Le second tour des élections présidentielles

Dans un contexte marqué par une très grande insatisfaction sociale (toutes les enquêtes placent l’emploi, les inégalités et le pouvoir d’achat au premier rang des préoccupations… bien avant la sécurité et
l’immigration), la participation considérablement élevée au premier tour des élections présidentielles montre que les salariés, les agents du secteur public, les chômeurs, les jeunes, les retraités s’impliquent
tous très nombreux dans cette consultation.
La CGT, qui avait appelé ceux-ci à intervenir pleinement dans les débats et les choix concernant leur avenir et celui de la société française, ne peut que s’en féliciter.

Indiscutablement, cette mobilisation exceptionnelle de l’électorat exprime de grandes attentes et de grandes exigences. Compte tenu de la situation à laquelle est aujourd’hui confrontée la population de notre pays, et qui continue de se dégrader très dangereusement, c’est loin d’être une surprise !

Alors qu’elle se classe dans le peloton de tête des nations les plus riches, la France compte aujourd’hui 7 millions de pauvres (dont 3,2 millions de travailleurs pauvres) et des millions de familles qui se débattent dans de terribles difficultés économiques. Elle s’illustre aussi, notamment, par des licenciements qui frappent des dizaines de milliers de salariés, par des quartiers ghettoïsés, par une crise du logement social, des services publics de l’éducation et de la santé, par un recul de la protection sociale, un accroissement de la souffrance au travail et de nombreuses discriminations.
Sur un autre versant – pour ne pas dire dans un autre univers – les profits des grands groupes et la rémunération des actionnaires ne cessent de progresser au détriment du sort fait aux femmes et aux
hommes dans l’entreprise. Les exonérations de charges et les aides publiques octroyées au patronat se multiplient, et les plus riches se voient accorder toujours plus d’allègements d’impôts.
Véritablement, ce modèle de société est socialement injuste et économiquement absurde !

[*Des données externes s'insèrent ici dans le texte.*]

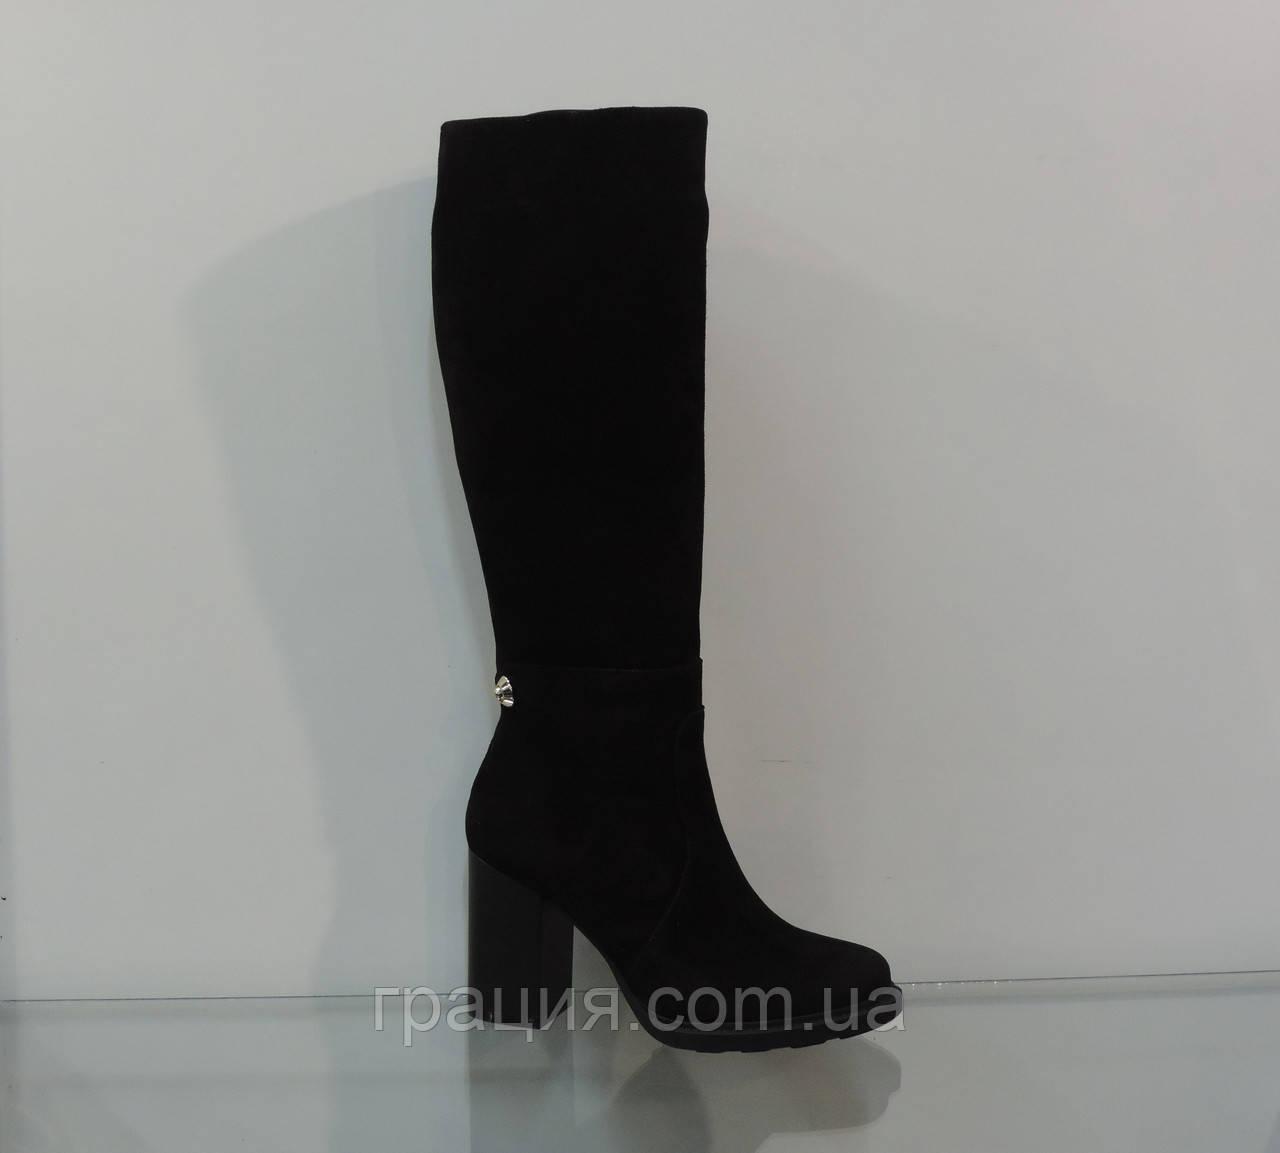 Элегантные женские замшевые зимние сапожки на каблуке

Face aux injustices qui grandissent et aux inégalités qui se sont creusées – particulièrement dans la dernière période – une large majorité de citoyens aspire à d’urgents et profonds changements dans
l’orientation politique et sociale de notre pays :
des réponses aux antipodes des options libérales, s’attaquant de front à la loi du tout marchand et du profit.

Le bilan du gouvernement sortant est sans équivoque :
nos retraites et nos salaires ont été durement mis à mal par des mesures brutales entérinant et aggravant la baisse du pouvoir d’achat des actifs comme des retraités,
la précarité de l’emploi (CPE, CNE, …) et l’insécurité sociale ont atteint un niveau record,
le déclin de l’industrie, livrant les populations de nombreuses régions au chômage et à la misère, s’est très nettement accéléré,
les services publics sont asphyxiés au mépris d’immenses besoins sociaux non satisfaits – pour mieux les démanteler ou les privatiser – ce qui porte durablement atteinte à la cohésion sociale,
les politiques répressives et sécuritaires ont pris le pas sur les libertés démocratiques.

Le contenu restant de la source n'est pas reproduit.